Wiederbelebung weckt Neugier:

Aus geschlossener Kneipe soll ein offenes Kunsthaus werden

Eine Baustellenbesichtigung der besonderen Art gab es in der ehemaligen Gaststätte „Ochsenkopf“ in Koldenhof. Die neuen Besitzer hatten alle Nachbarn eingeladen und viele wollten aus erster Hand erfahren, was aus dem historischen Gebäude wird.

In den ehemaligen Gasthof in Koldenhof soll neues Leben einziehen.
Klaus-Jürgen Fischer In den ehemaligen Gasthof in Koldenhof soll neues Leben einziehen.

Einwohner aus fast allen Ortsteilen der Feldberger Seenlandschaft sind der Einladung der neuen Besitzer des mehr als 100 Jahre alten Backsteingebäudes in Koldenhof gefolgt, in dem sich einmal die Gaststätte "Ochsenkopf" befand. Das Ärzte-Ehepaar Kerstin und Jens-Uwe Kuttler will aus dem Gebäude, das zu DDR-Zeiten als Schulungs-, Erholungsheim und Kinderferienlager genutzt worgen war, ein Kunsthaus mit Galerie machen.
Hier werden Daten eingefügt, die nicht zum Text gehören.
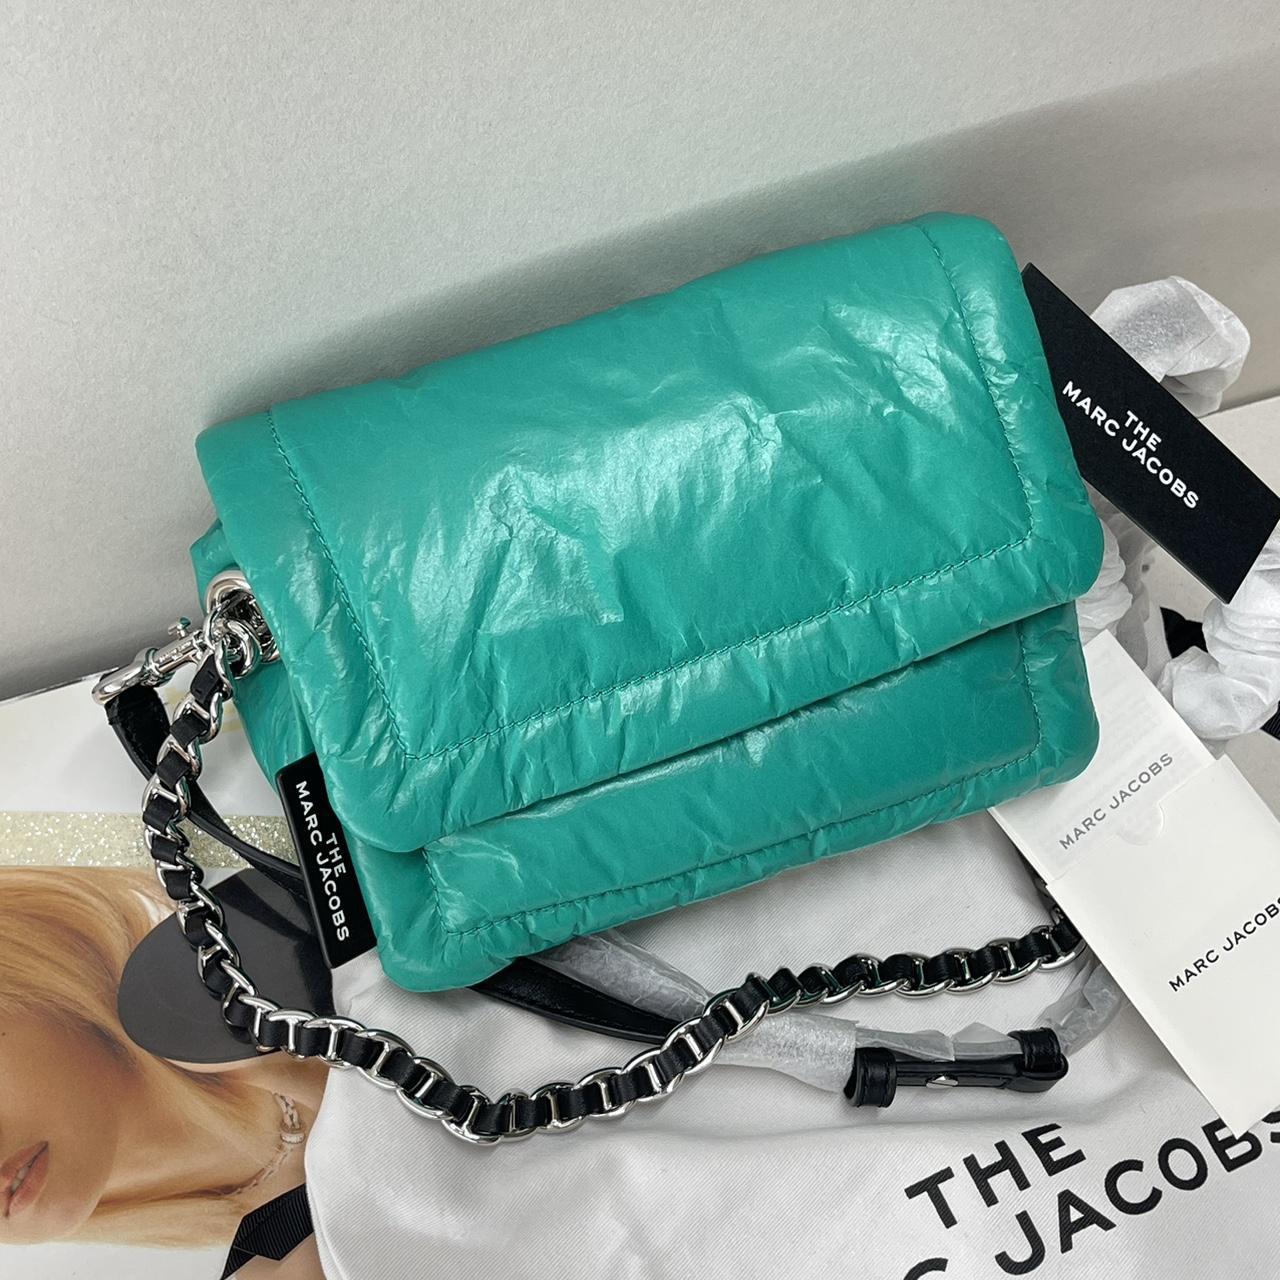 The Marc Jacobs + The Pillow Bag

Gezeigt werden sollen vor allem Kunstwerke regionaler und überregionaler Profis. Dabei ist dem Ehepaar durchaus bewusst, dass es in der Seenlandschaft schon einige Galerien in Wittenhagen, Lichtenberg, Neugarten und Feldberg gibt, dazu die KulturWirtschaft in Triepkendorf. Kerstin Kuttler schwebt vor, dass in dem Backsteinbau auch Lesungen und kleine Konzerte stattfinden.
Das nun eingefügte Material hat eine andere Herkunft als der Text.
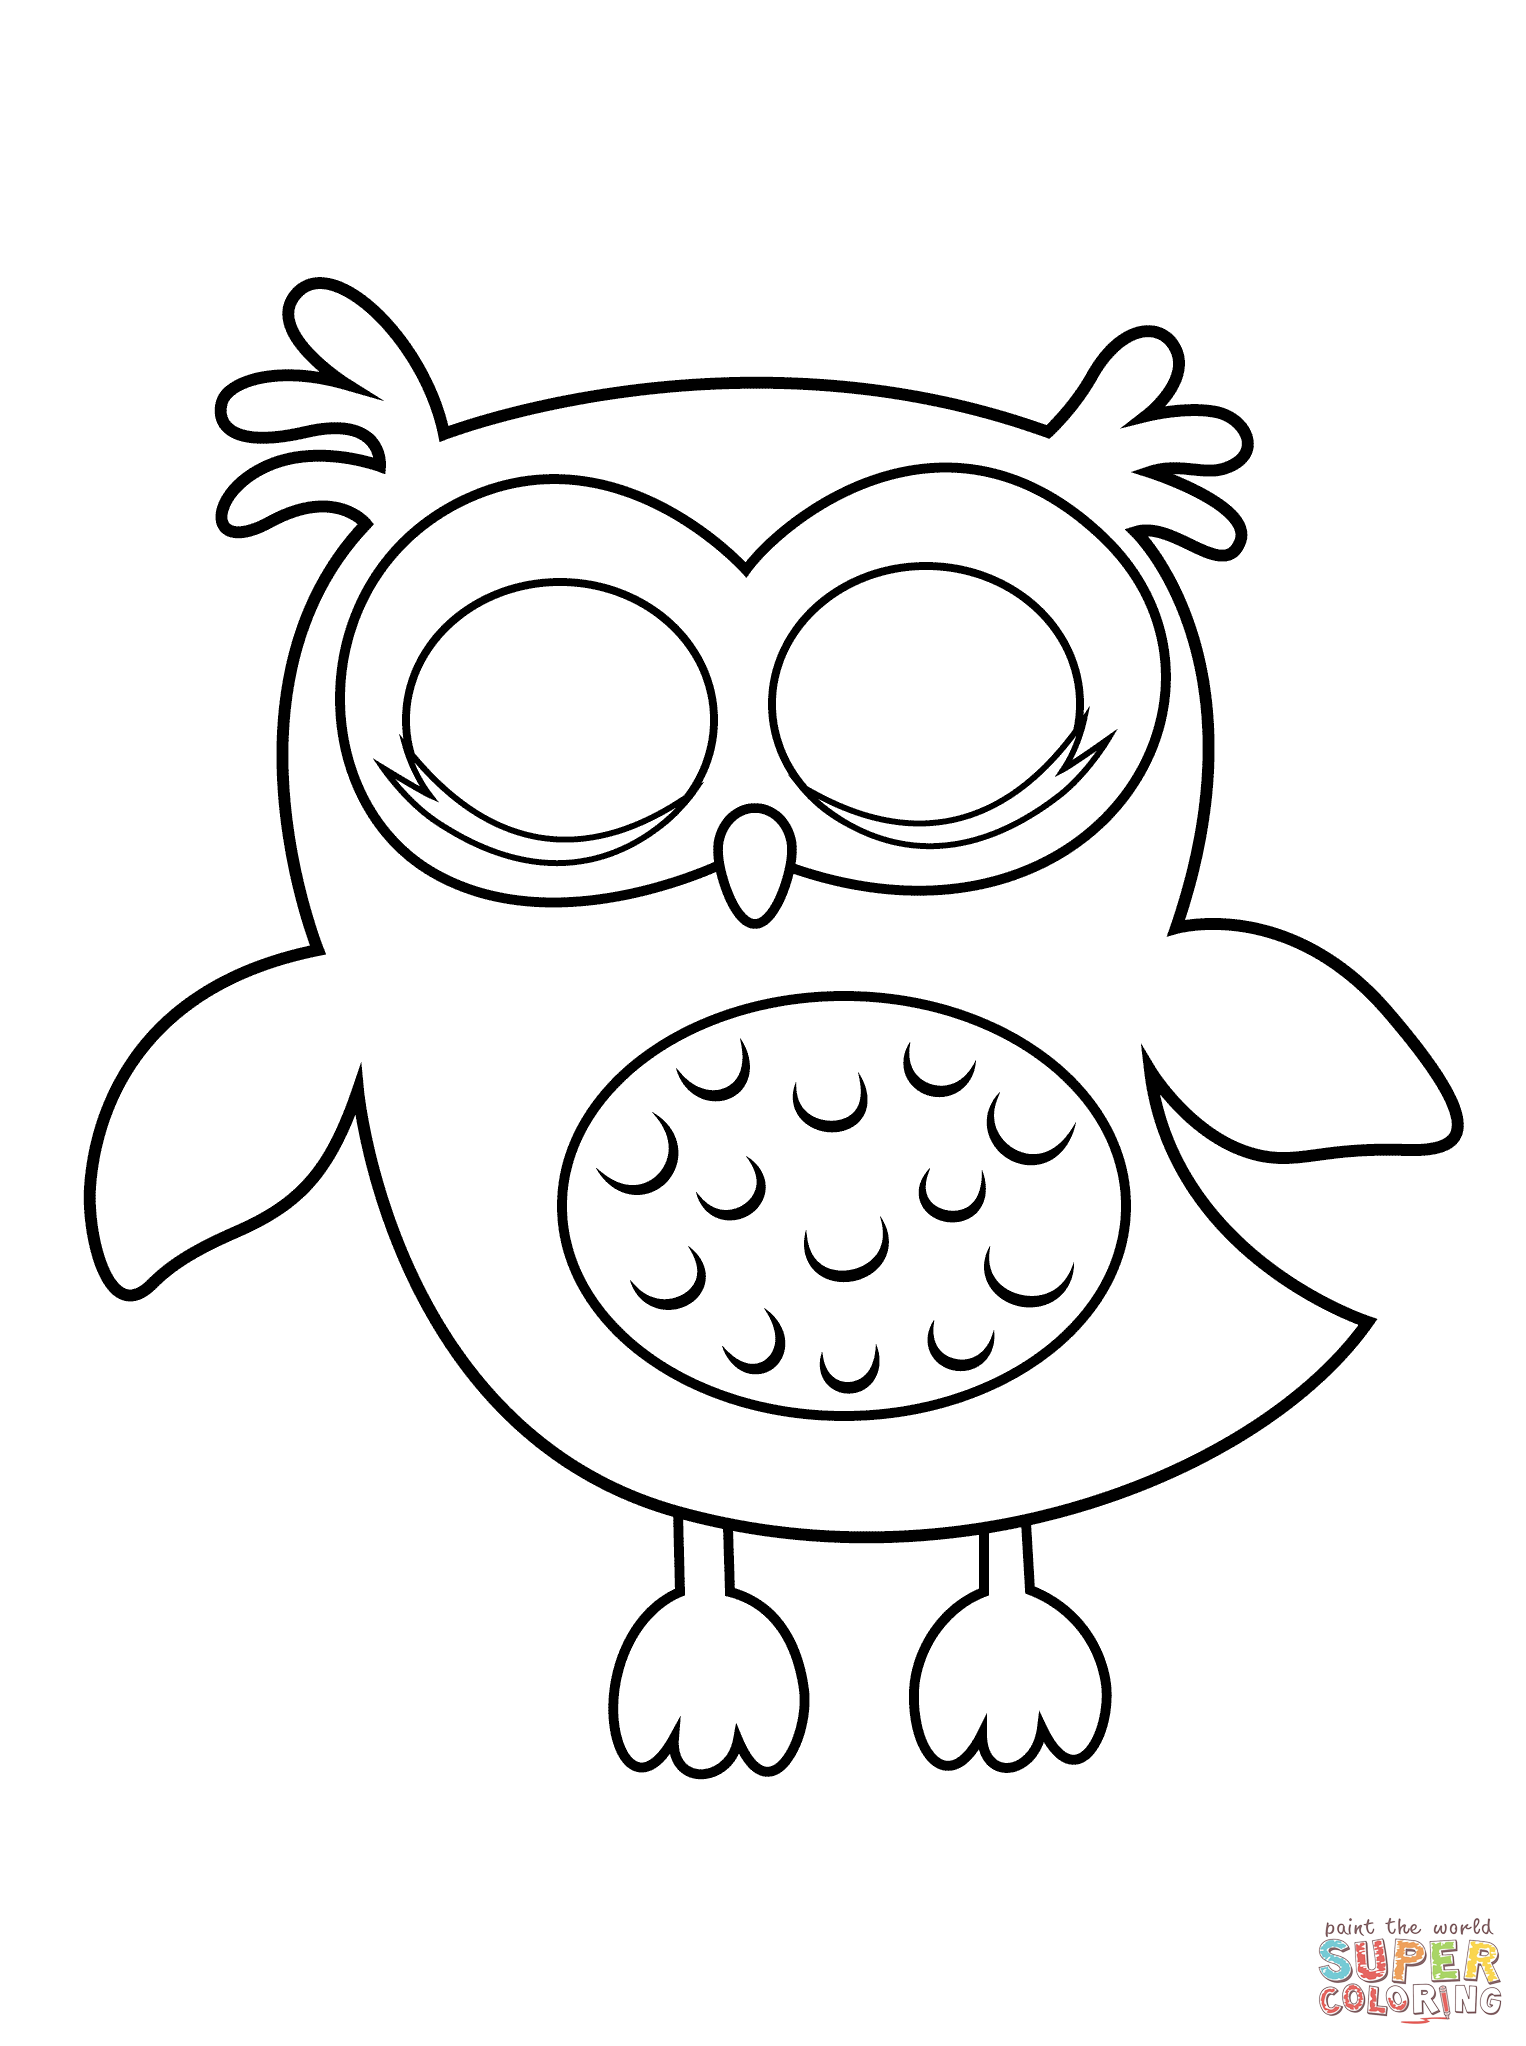 Owls coloring pages | Free Coloring Pages

Im Frühsommer soll es losgehen. Zunächst müssten aber grundlegende Arbeiten zu Ende gebracht werden: Sanitär- und Elektroanlagen, Isolierung, Heizung. Im ersten Stock sollen Ferienzimmer entstehen. Die Pläne stoßen auf viel Beifall. „Es ist gut, dass wieder was passiert mit dem Haus“, meinen die Koldenhöfer und wissen zu schätzen, dass die Bauherren sie über ihre Pläne informieren.